Он обрадовался, узнав, что великое множество душ избавится от своих скитаний и вновь обретет плоть, — по воле Айэта и Хьютай. Правду говоря, он так и не смог понять природы душ, и не был уверен даже в том, что это вообще души, а не Отражения.

Раньше он никогда не слышал о таком понятии, — Отражения Сутей, но уже не удивился. Он понял, что его Освобождение началось, и возврата, — даже если он очень этого захочет, — уже не будет. Однажды начавшуюся метаморфозу нельзя было уже ни остановить, ни обратить вспять. А эти двое… что ж, они сами выбрали свою судьбу, и нельзя сказать, что они выбрали неверно. Но мир, который они создадут, будет жить по своим законам, и не повторит прежних историй. А потом…

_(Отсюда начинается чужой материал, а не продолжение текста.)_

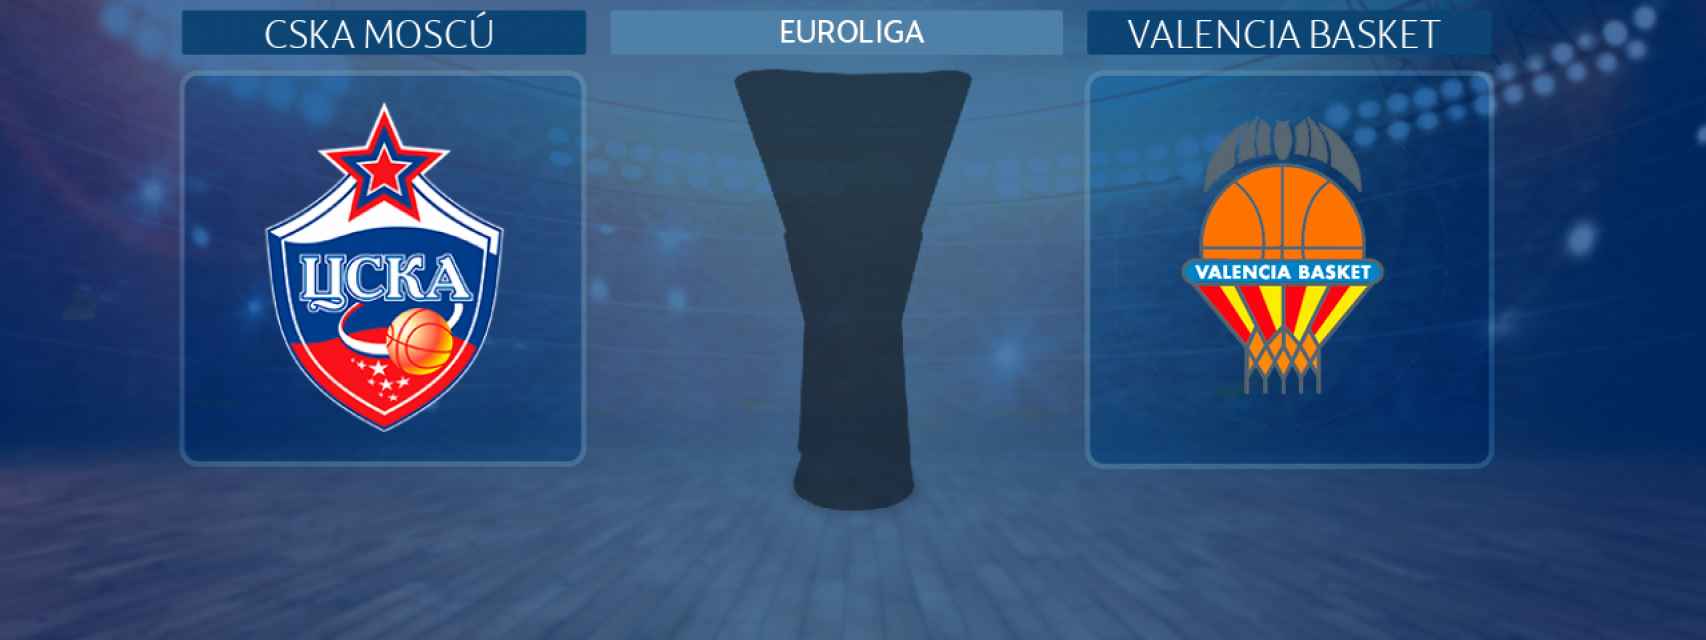 CSKA Moscú - Valencia Basket, partido de la Euroliga

— Звезда Бесконечности, место, где кончаются все пути, будет последним, что останется от всех мирозданий, — но и она рано или поздно исчезнет, — исчезнет последней, как появилась на свет первой, — и вы вместе с ней.

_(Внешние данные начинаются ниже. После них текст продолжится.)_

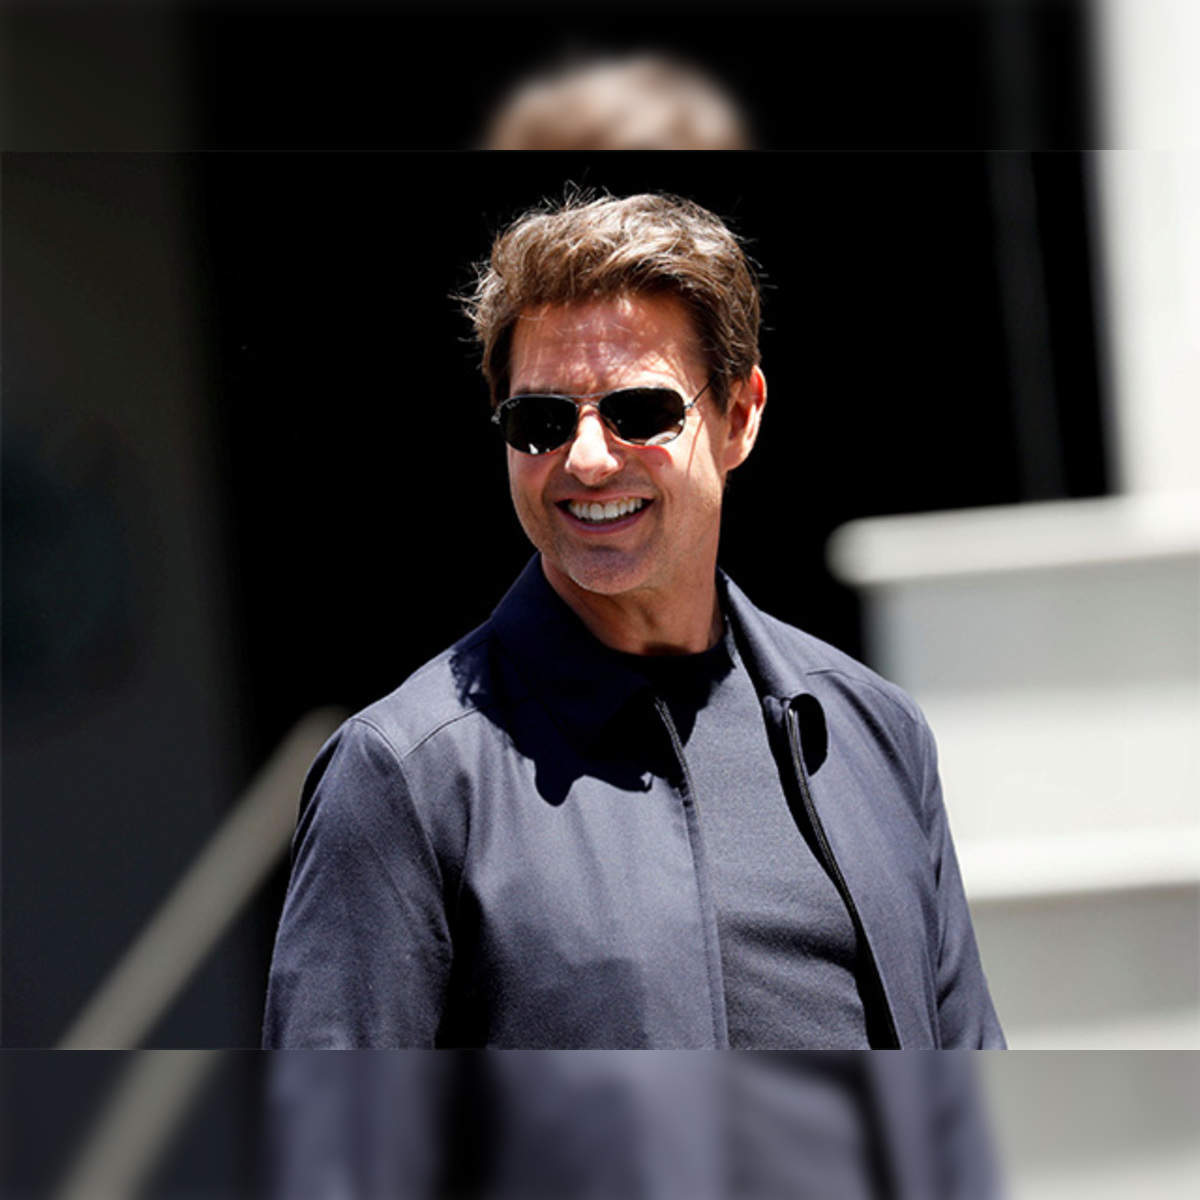 Top Gun 2': Tom Cruise confirms sequel will start filming

Айэт и Хьютай склонили головы. Они тоже понимали, что у этого мира не окажется будущего. Анмай увидел его историю так, словно она уже была написана. Из центра мирозданий сюда катился черный вал безвременья. Но ещё прежде, чем он достигнет Звезды, здесь всё изменится, и изменения будут неотвратимы… как и конец.

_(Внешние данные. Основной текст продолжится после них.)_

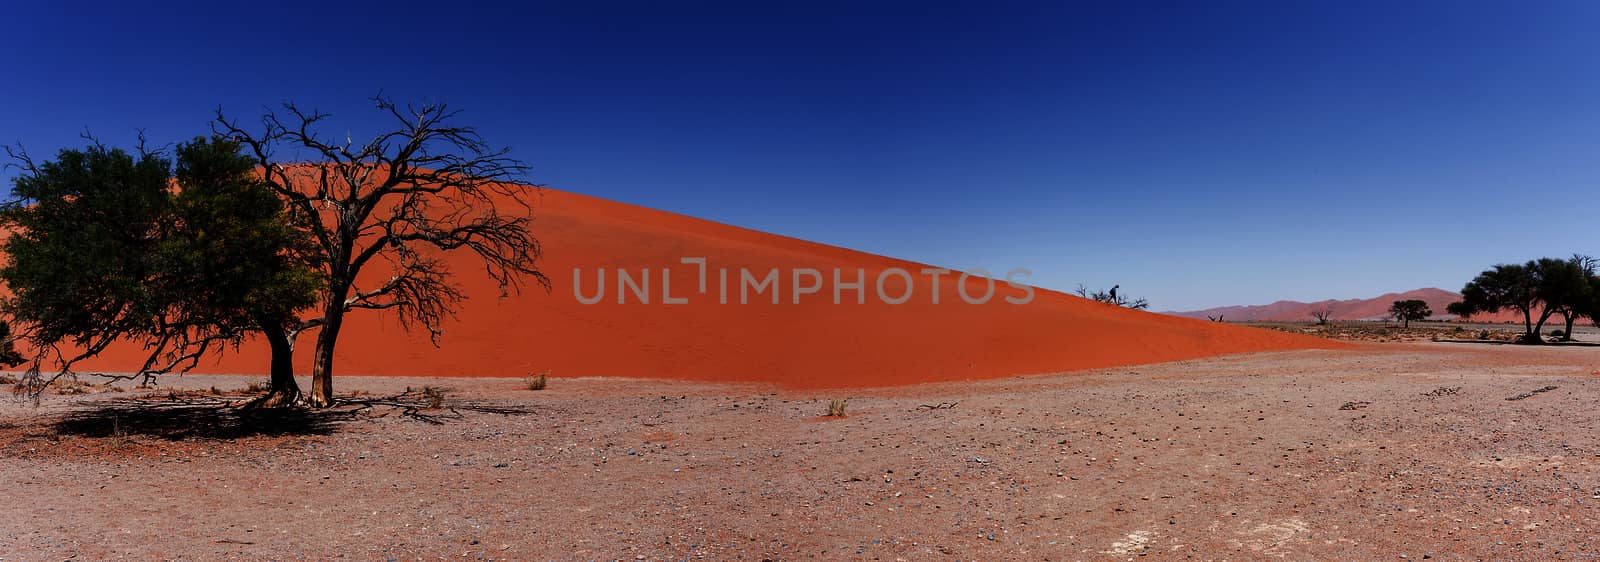 wide panorama Dune 45 in sossusvlei Namibia by artush

Увидев его, Анмай впервые обрадовался, что его уже не будет в этой Реальности.

* * *

Вернувшись назад, он какое-то время сидел неподвижно. Перед его внутренним взором попеременно возникала то казавшаяся совсем юной пара в белых туниках, то те… существа, в которых они превратятся потом. Он чувствовал жалость и страх, но знал, что это случится нескоро, очень нескоро, и что у них впереди срок безмерно длиннее обычной человеческой жизни…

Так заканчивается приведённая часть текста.